Work instructions: Return the following data exactly, with all pictures left out.

Given material:
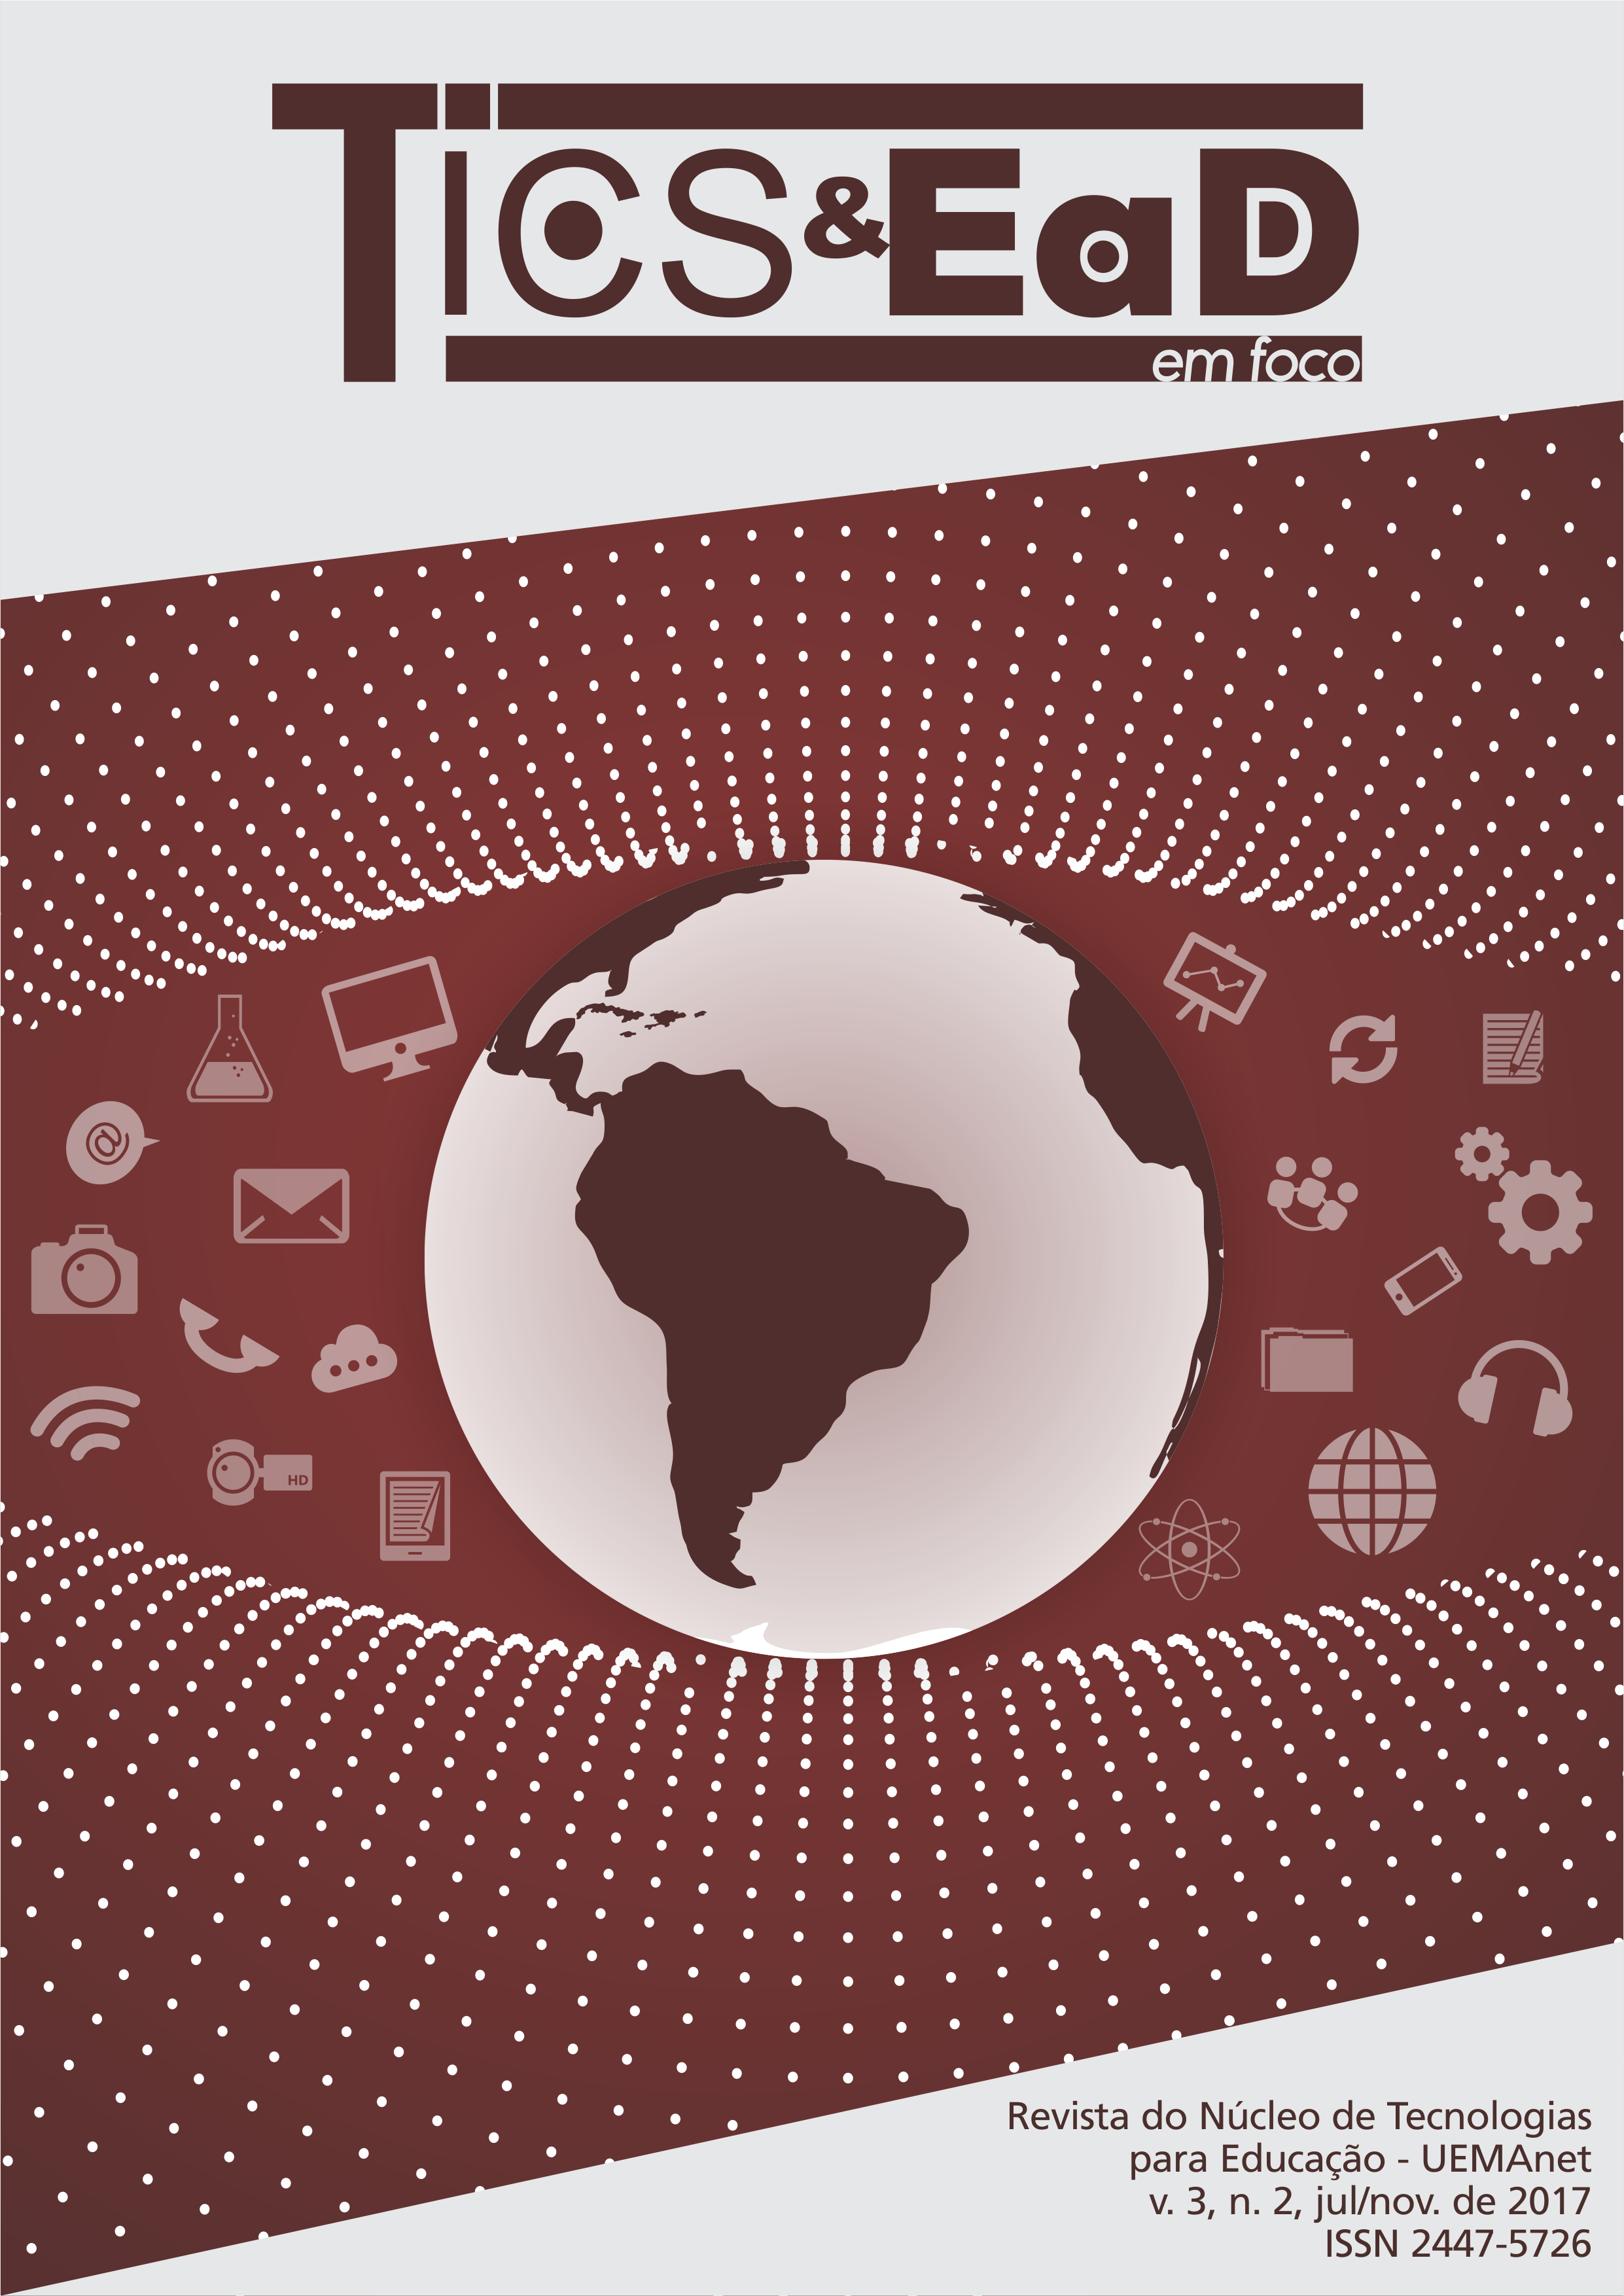 UEMA reúne 14 artigos em nova edição da TICs & EaD em Foco
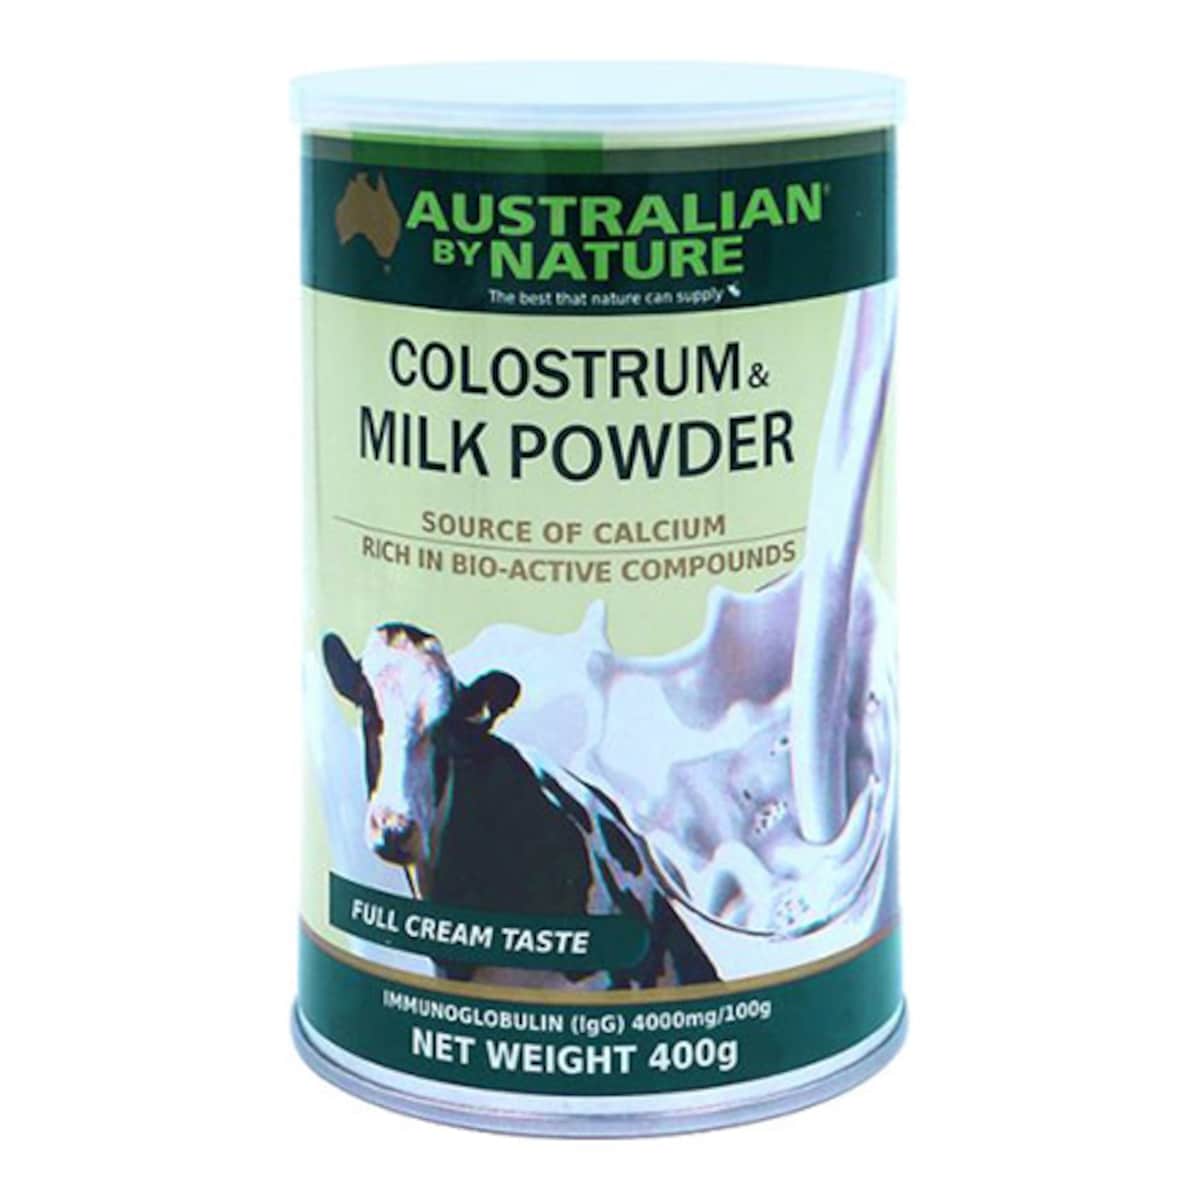 Australian by Nature Colostrum & Milk Powder 400g
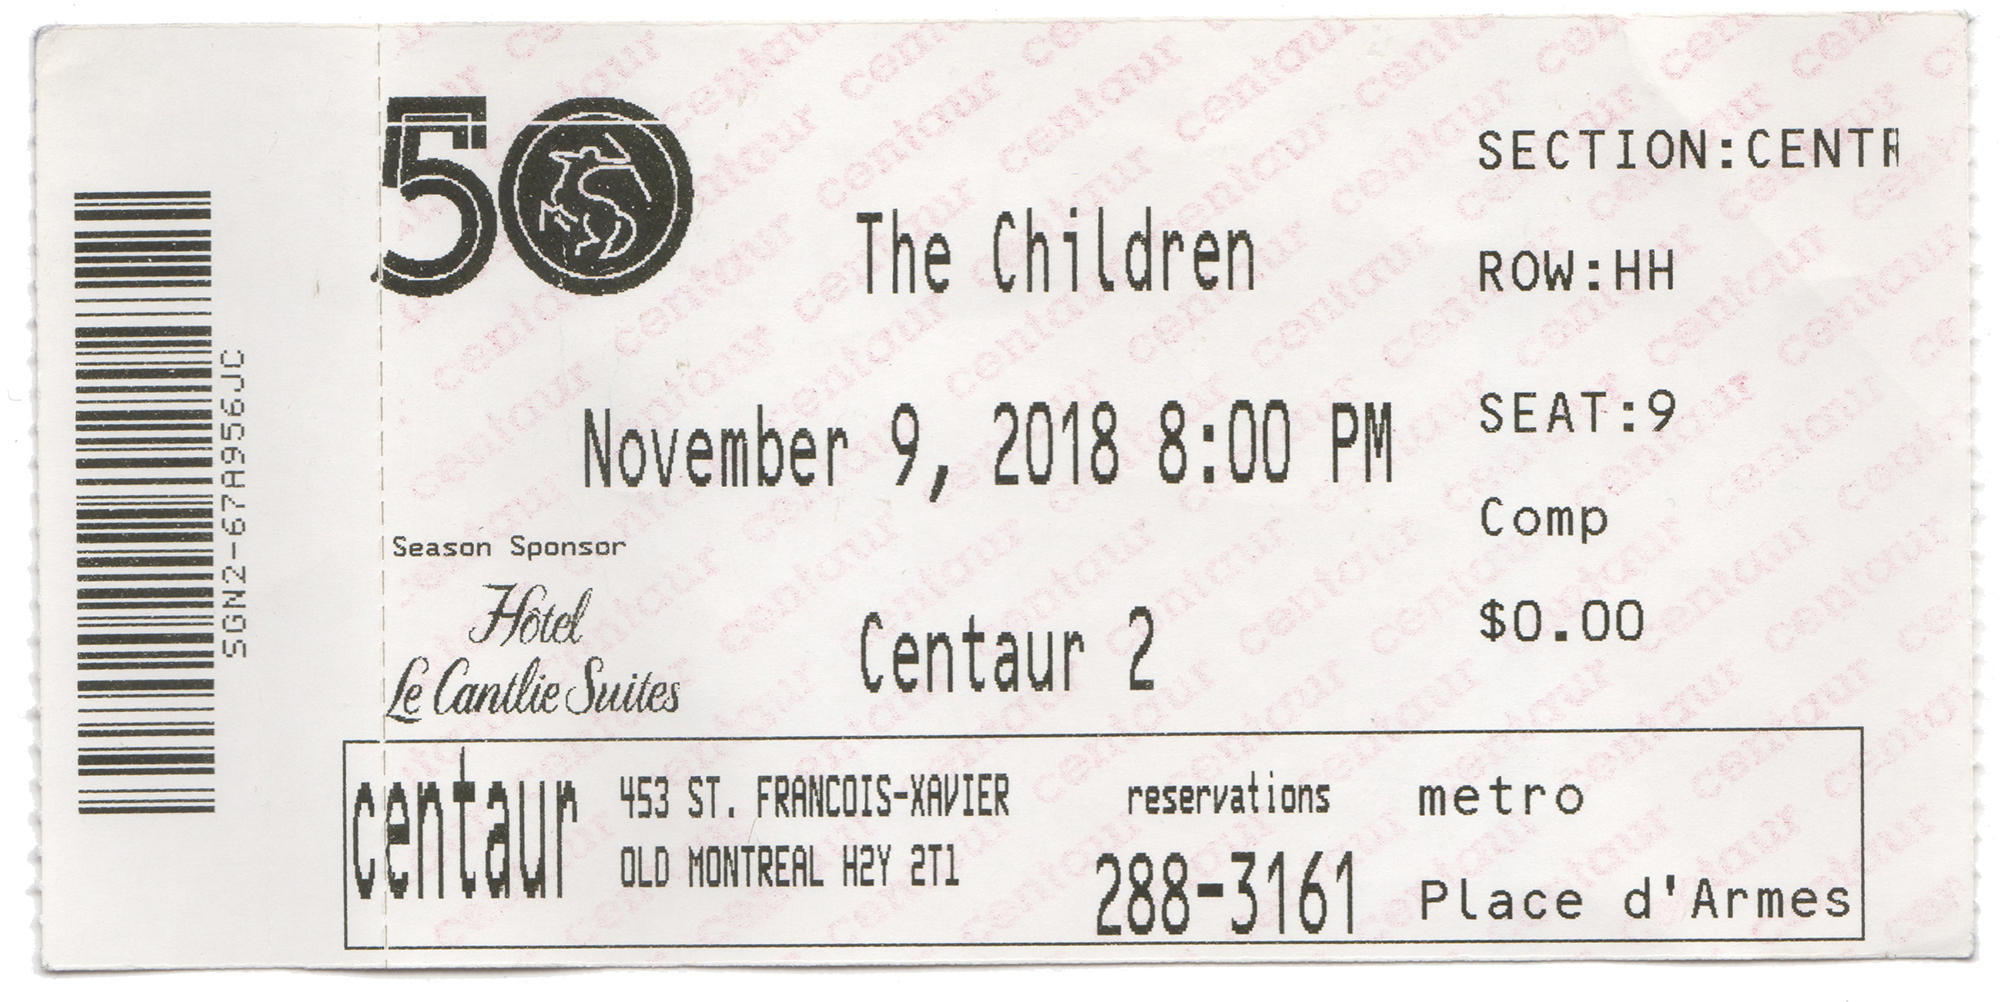 The Children, Centaur Theatre

Your solution:
 UEMA reúne 14 artigos em nova edição da TICs & EaD em Foco
 Australian by Nature Colostrum & Milk Powder 400g
 The Children, Centaur Theatre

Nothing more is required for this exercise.